INFORMATION PROVIDED:
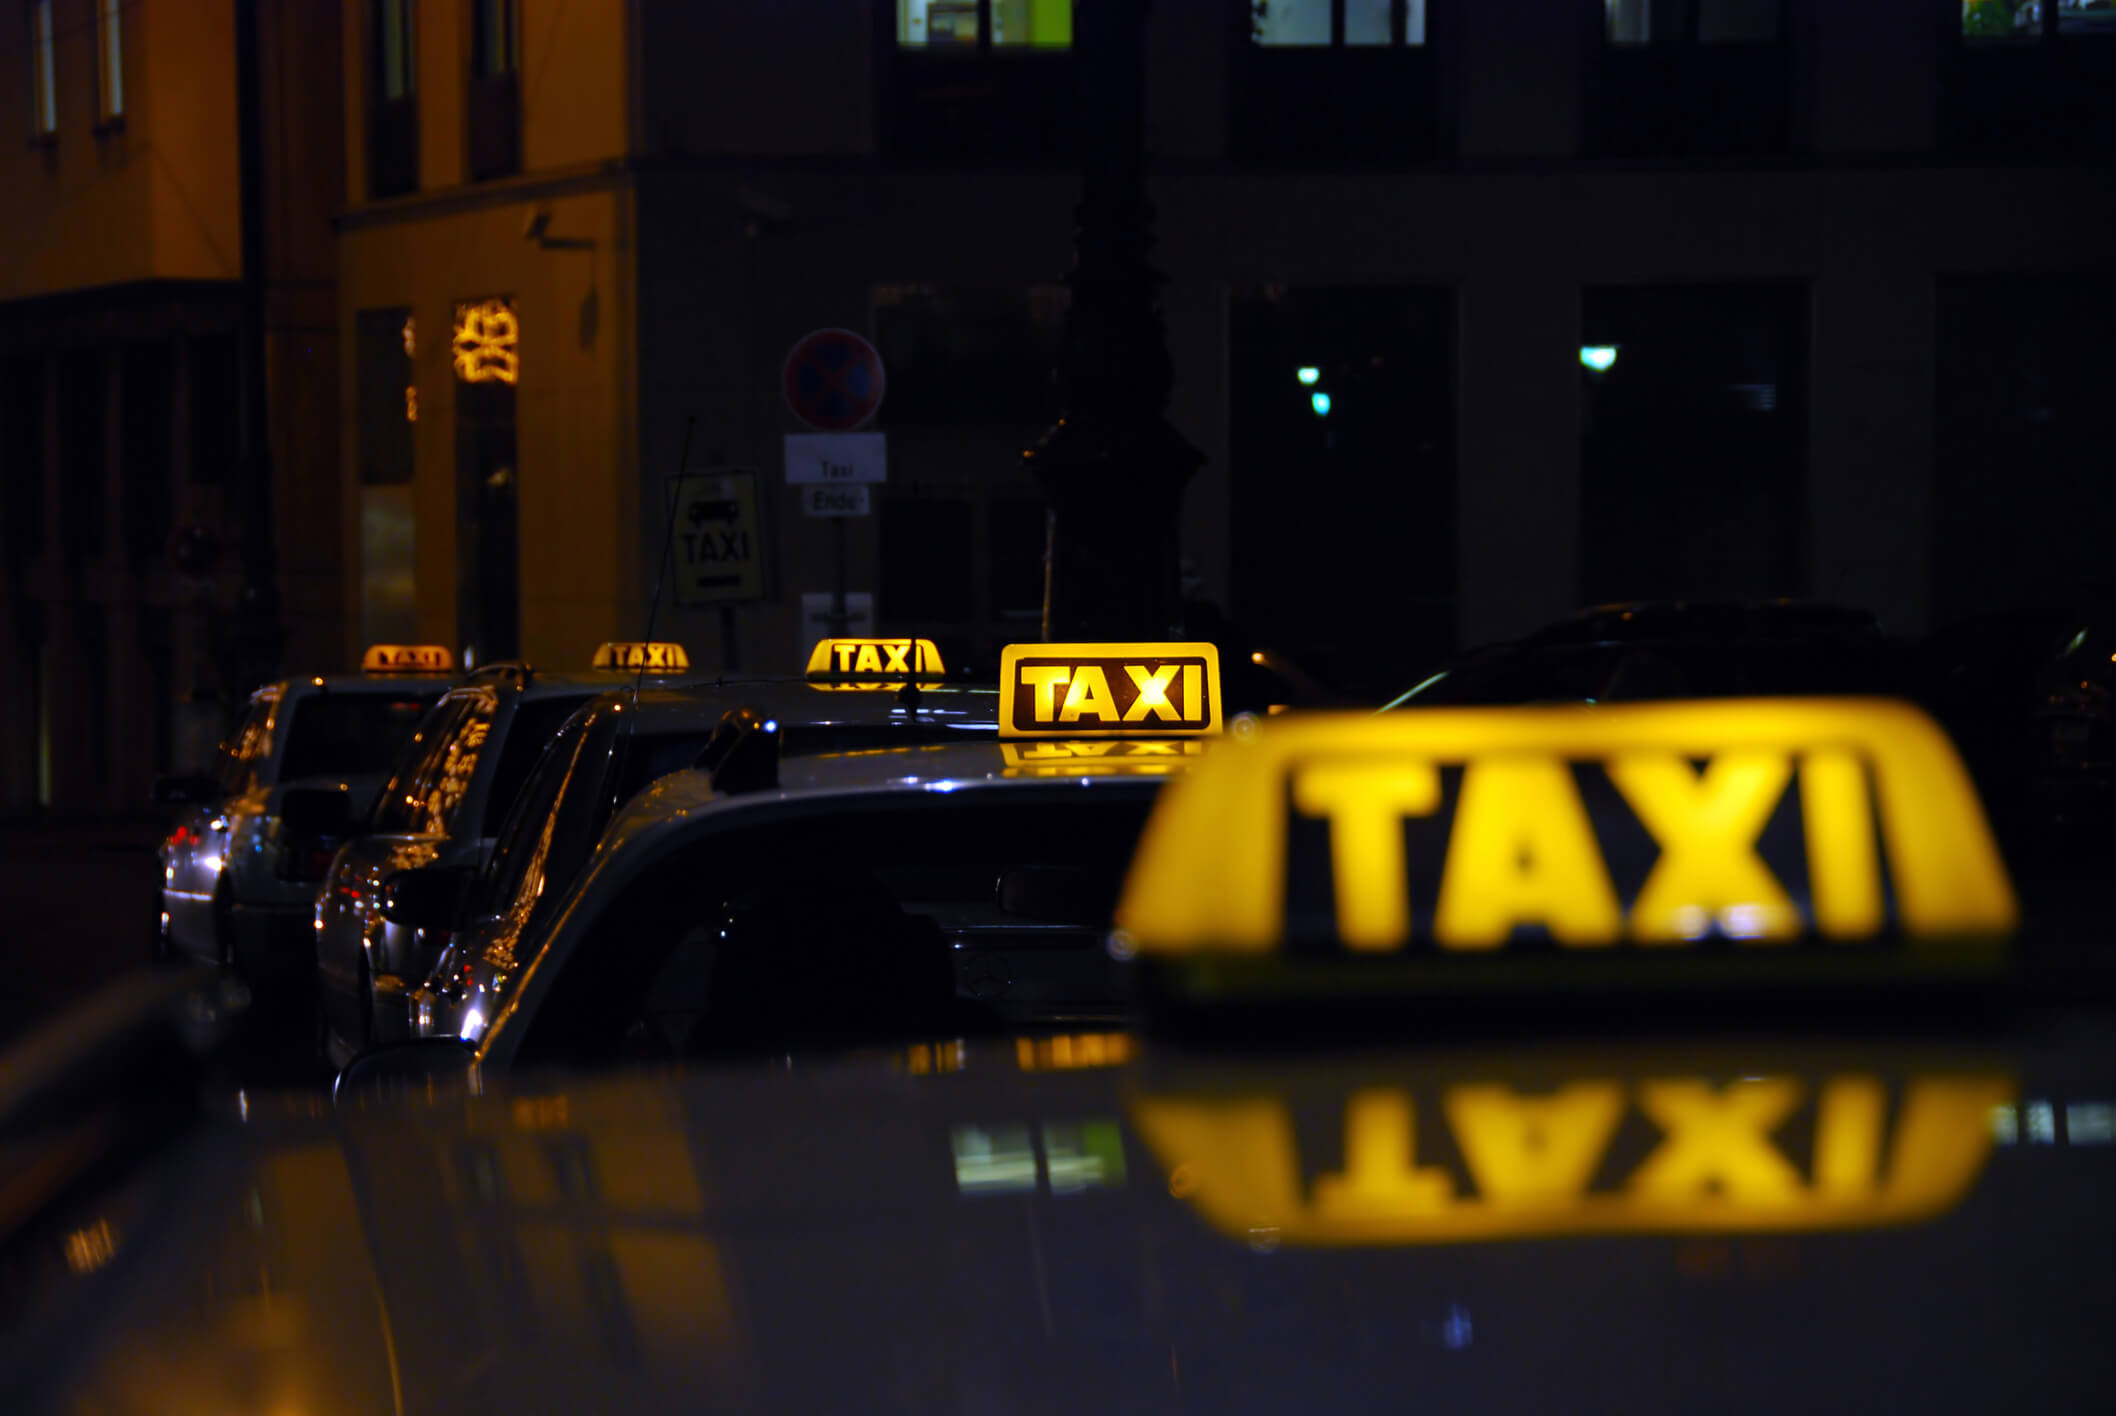 24hr taxis, taxis waiting at night
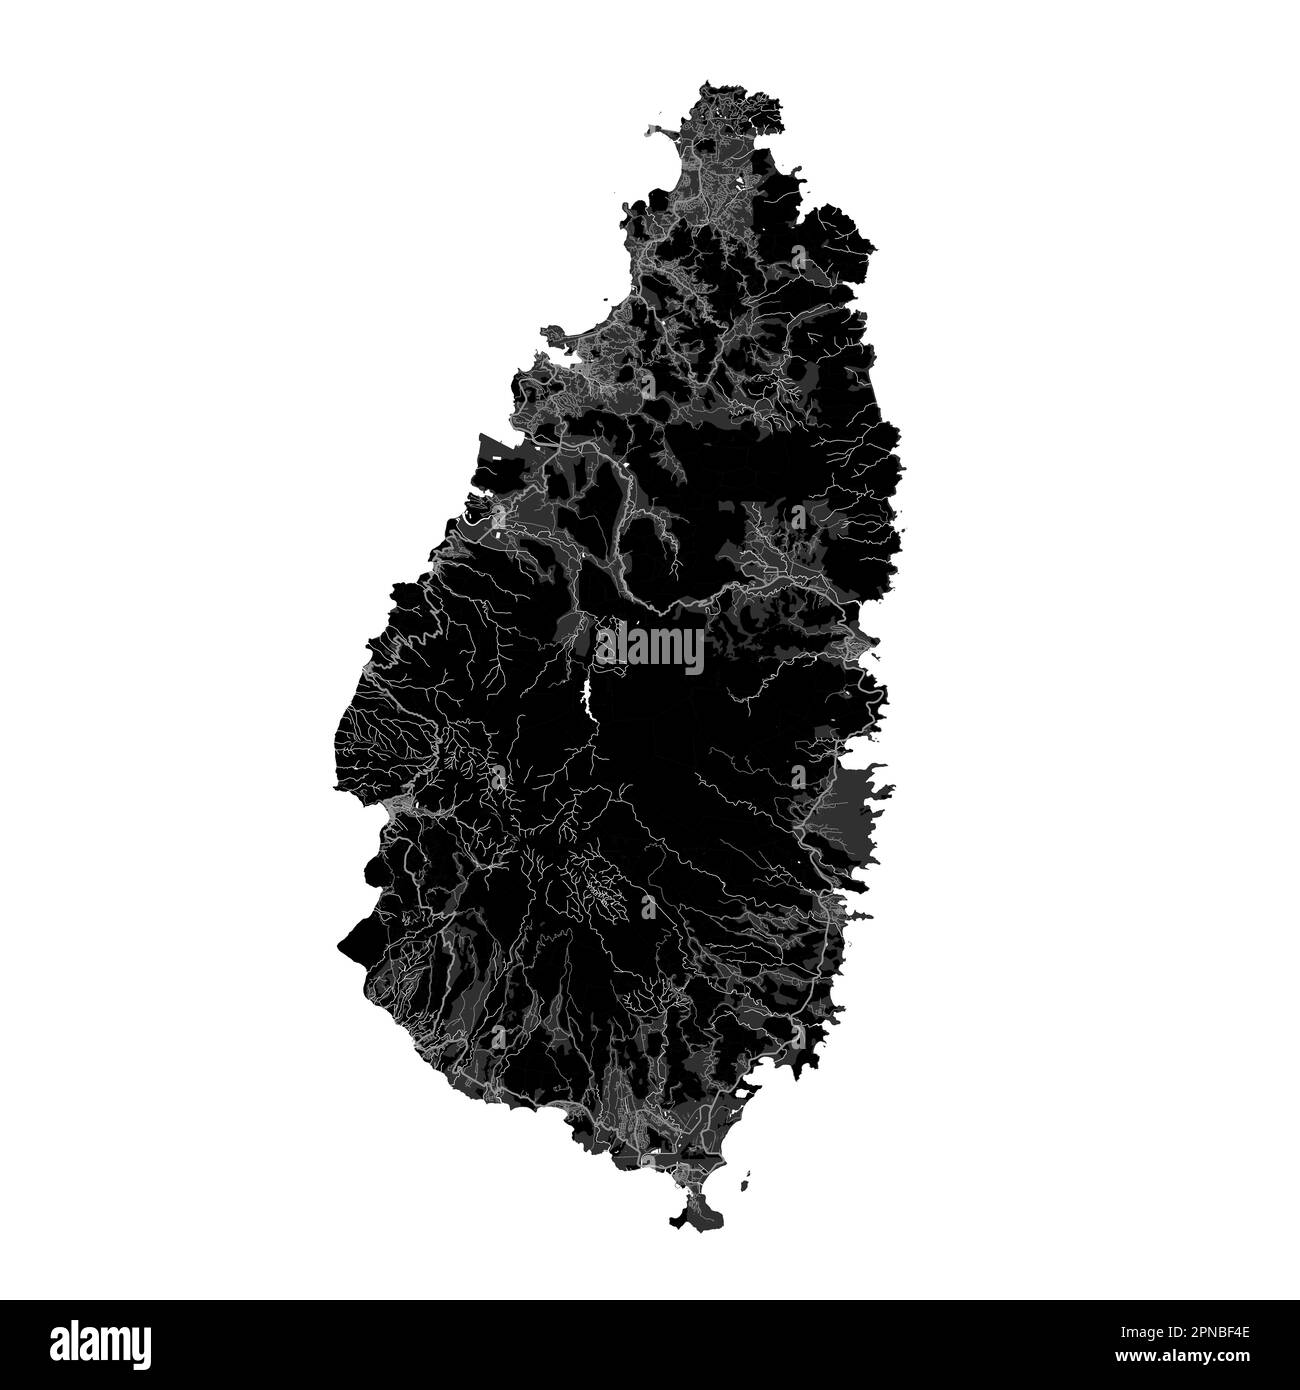 Black Saint Lucia map, Caribbean island country. Detailed map with administrative border, coastline, sea and forests, cities and roads. Stock Vector
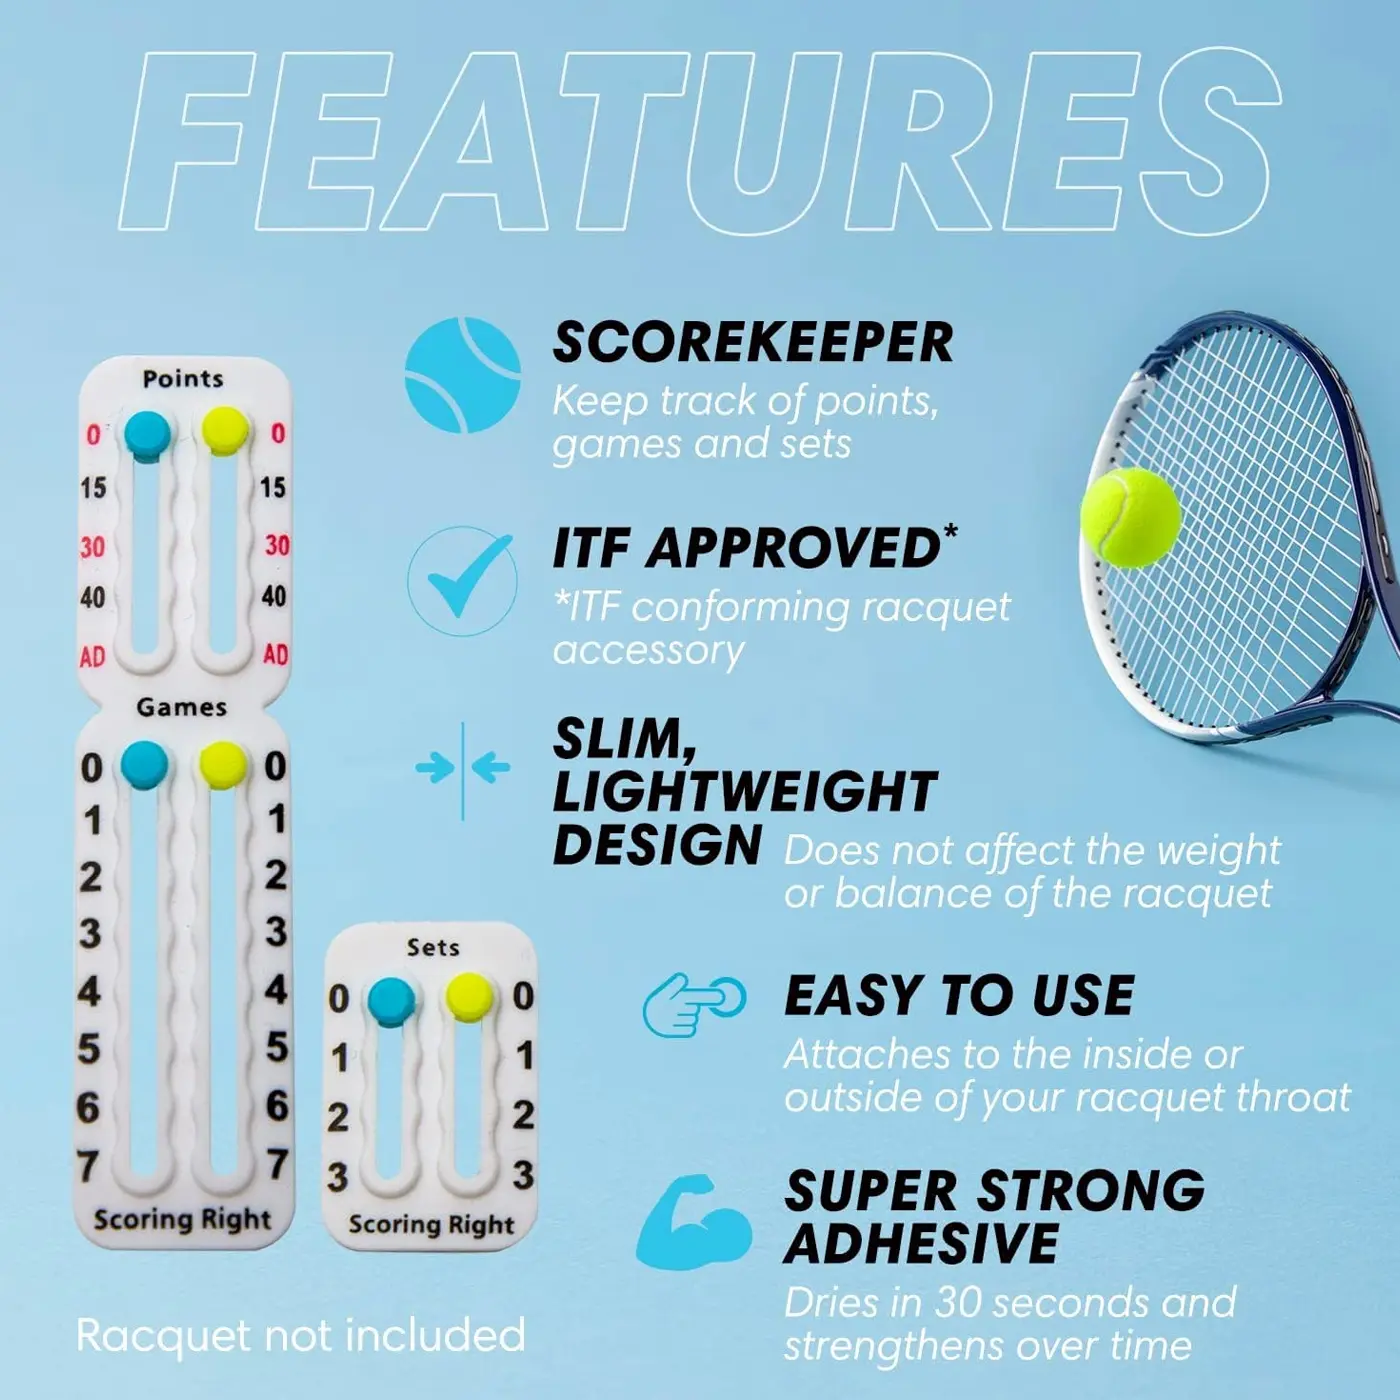 Scoring Right Portable Tennis Racket and Padel Scorekeeper, Easily Mounted Small Score Board to Keep Score of Points, Games, and Sets, ITF Conforming and Lightweight Mini Score Keeper, 1.9g
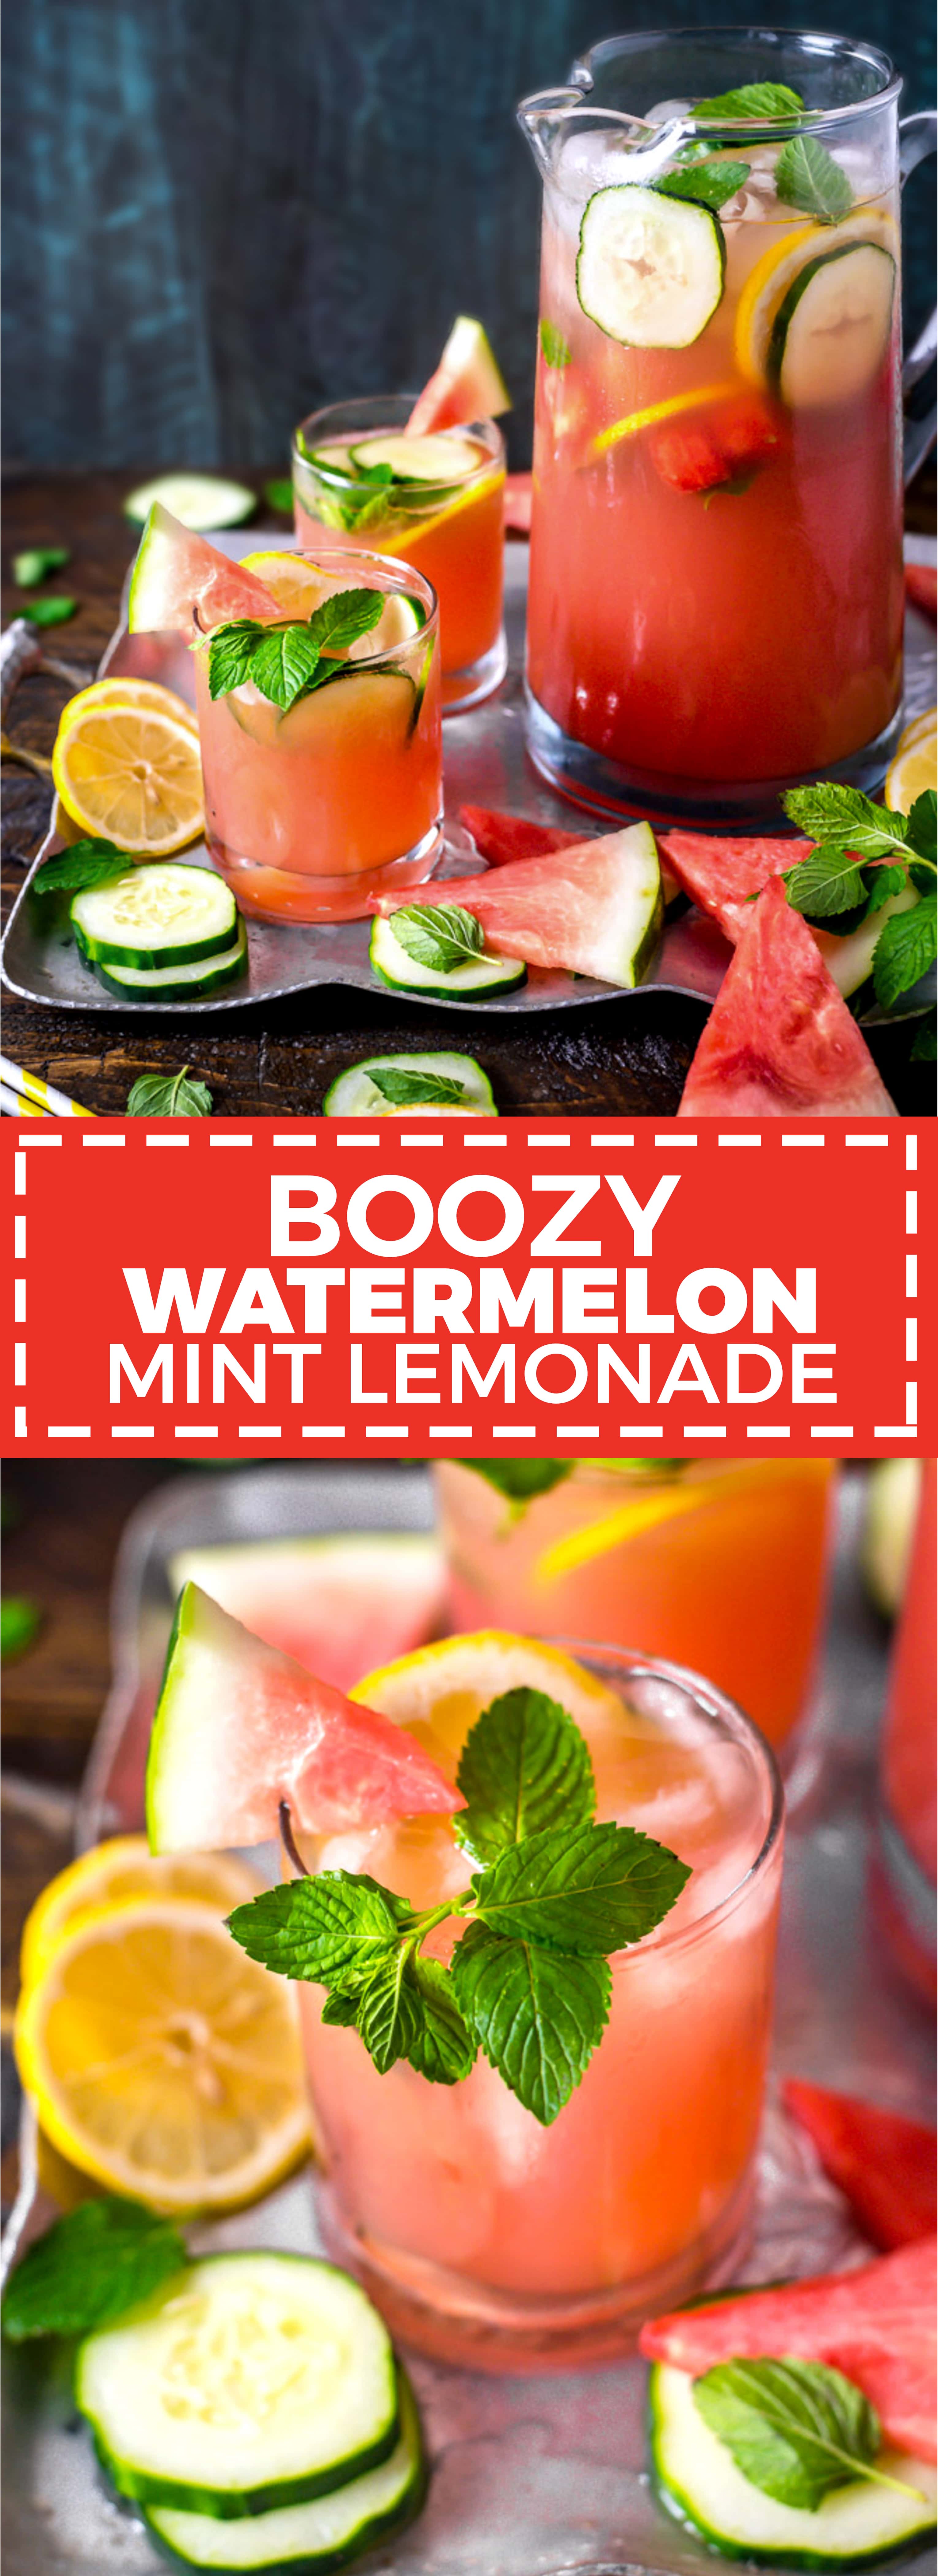 Boozy Watermelon Mint Lemonade. Made from fresh watermelon, cucumber, lemon juice, and mint, this super refreshing cocktail is perfect for summer cookouts! | hostthetoast.com

ACTION ITEM: Would you retype the material exactly, omitting each picture?

RESPONSE:
 24hr taxis, taxis waiting at night
 Black Saint Lucia map, Caribbean island country. Detailed map with administrative border, coastline, sea and forests, cities and roads. Stock Vector
 Scoring Right Portable Tennis Racket and Padel Scorekeeper, Easily Mounted Small Score Board to Keep Score of Points, Games, and Sets, ITF Conforming and Lightweight Mini Score Keeper, 1.9g
 Boozy Watermelon Mint Lemonade. Made from fresh watermelon, cucumber, lemon juice, and mint, this super refreshing cocktail is perfect for summer cookouts! | hostthetoast.com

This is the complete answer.